▶ _Supplied information_:
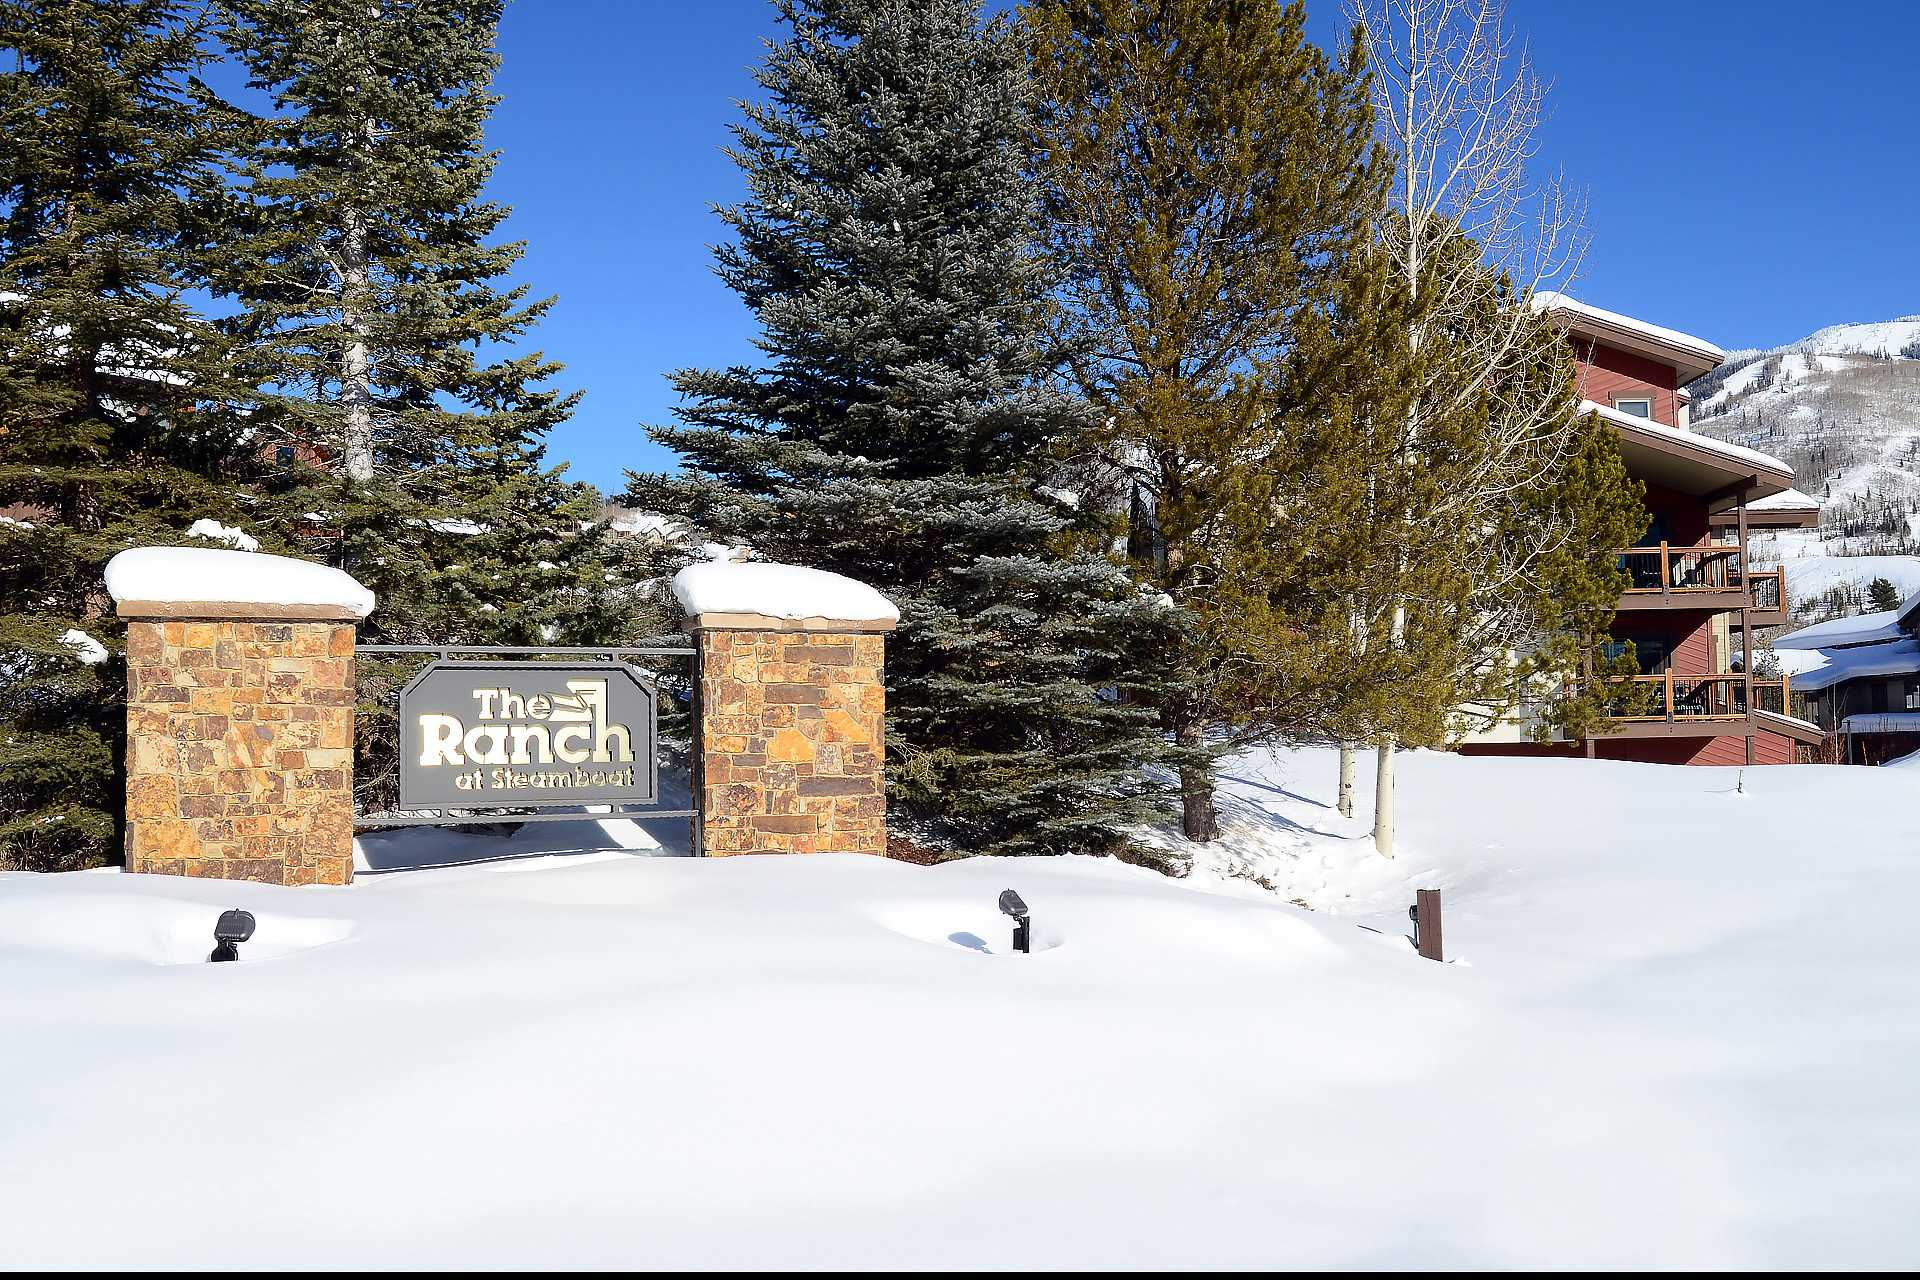 RA514: Ranch at Steamboat
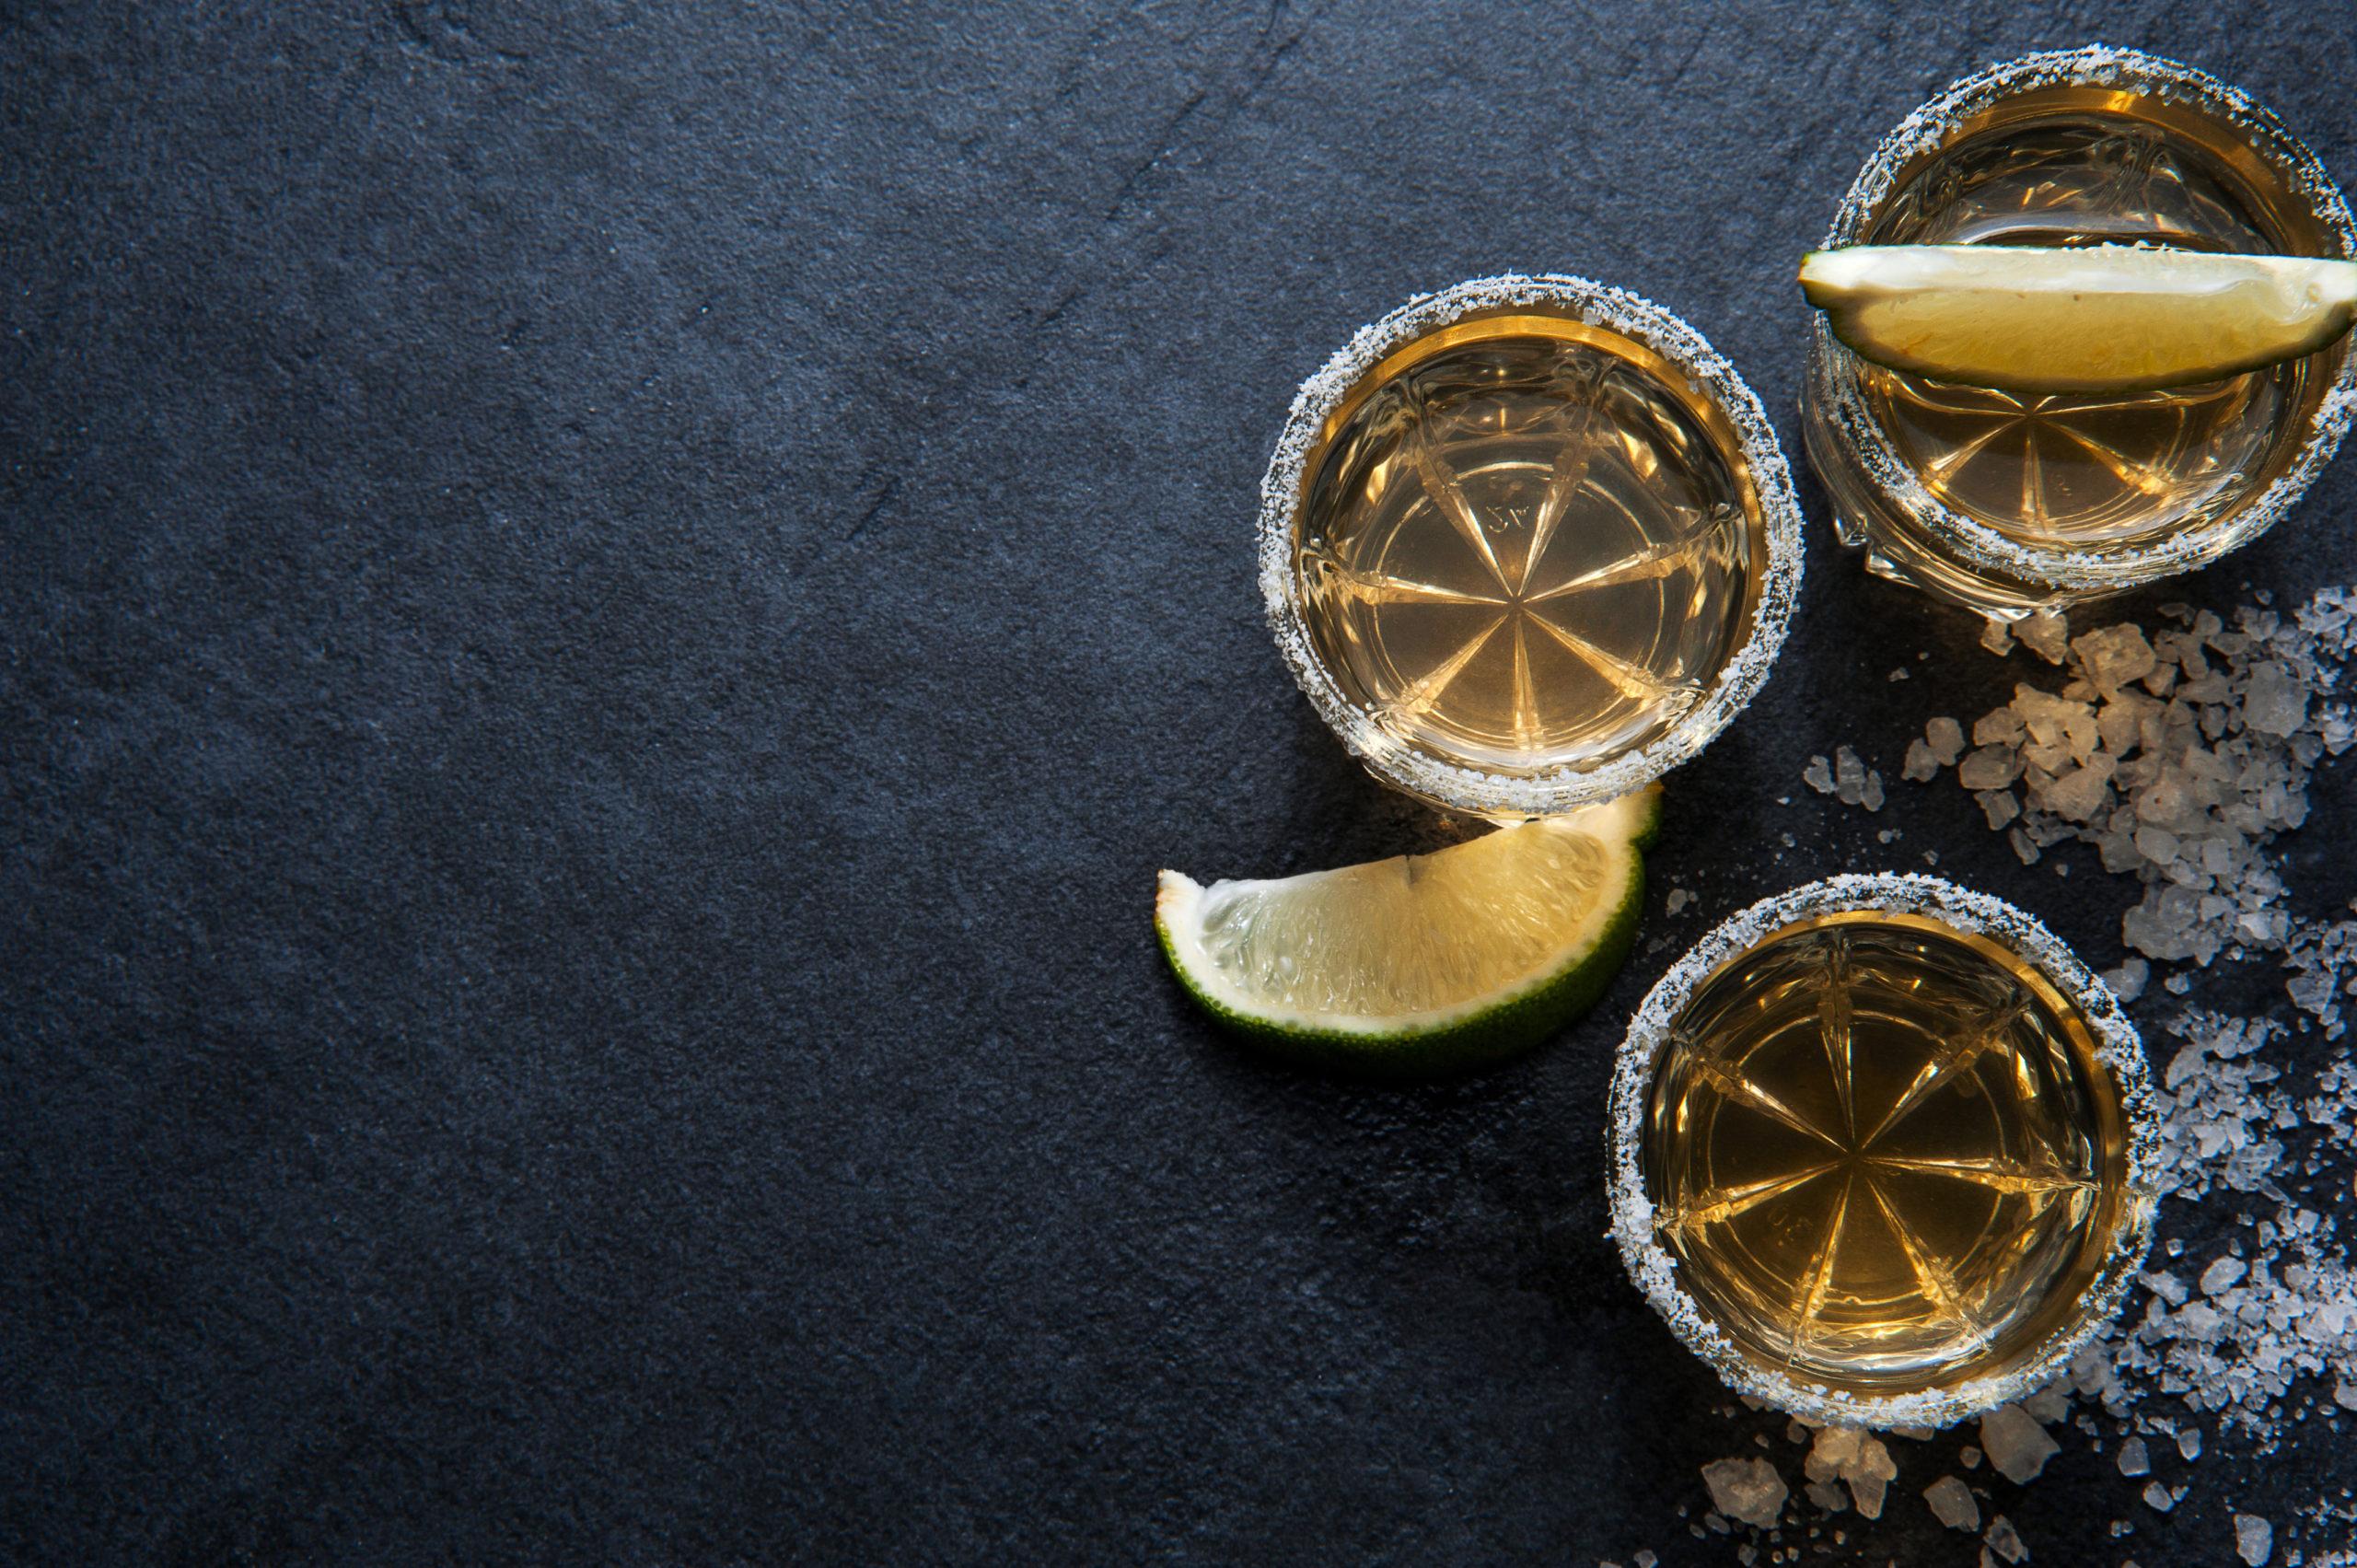 5 beneficios del tequila (para brindar con moderación)
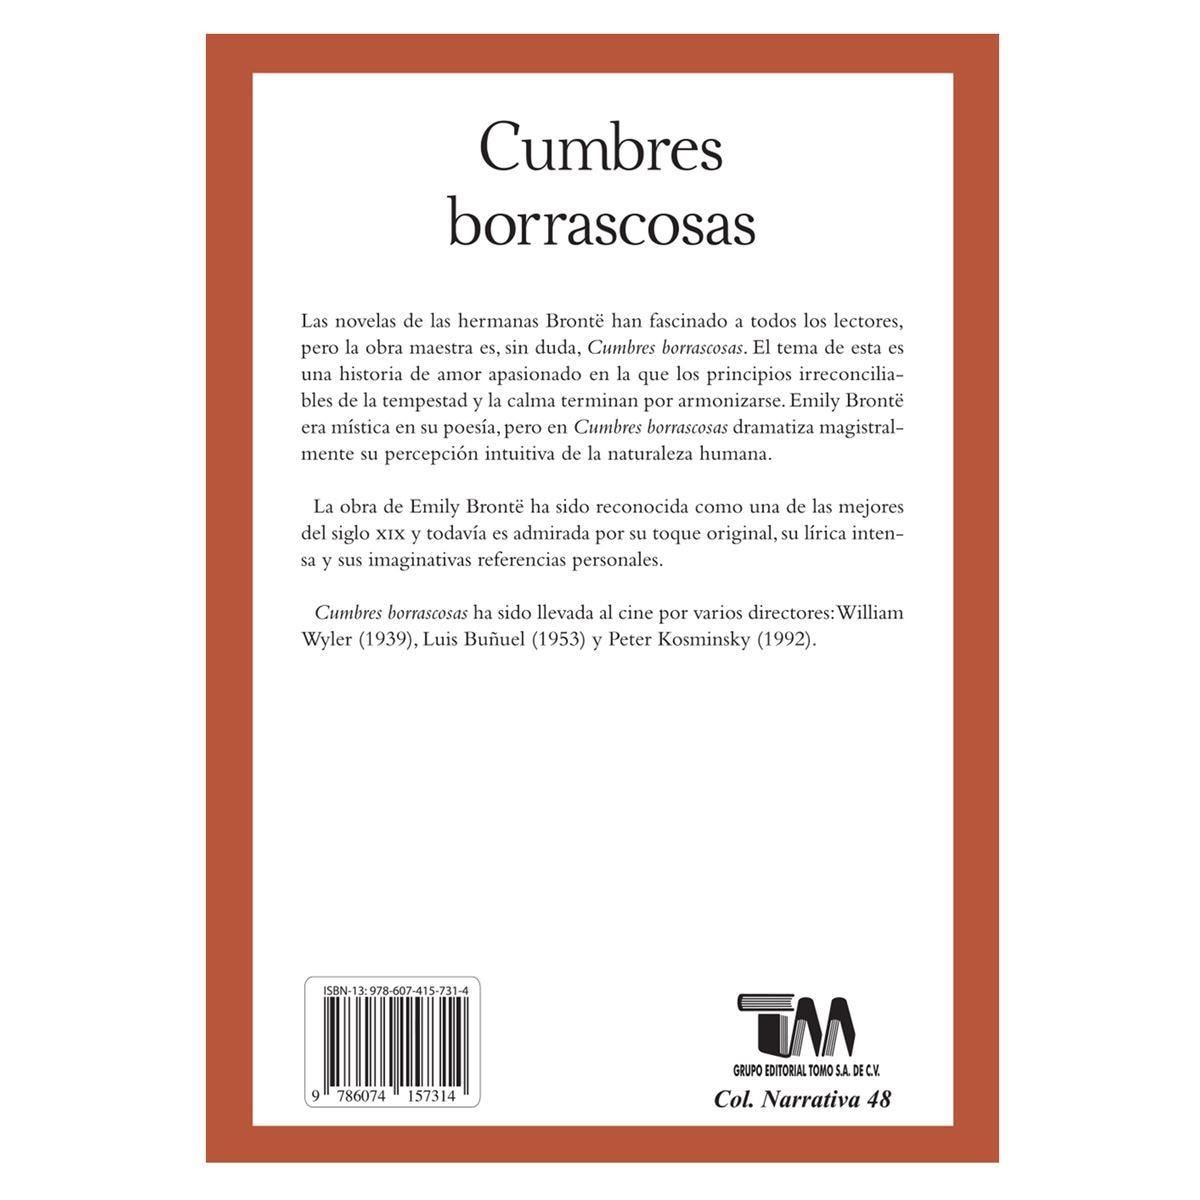 Cumbres borrascosas Libro - Sanborns

▶ _What the exercise asks_: Your task is to repeat exactly the lines from the one containing "5 beneficios del" through the end of the material, both included, and only those, without pictures.

▶ _Response area_:
 5 beneficios del tequila (para brindar con moderación)
 Cumbres borrascosas Libro - Sanborns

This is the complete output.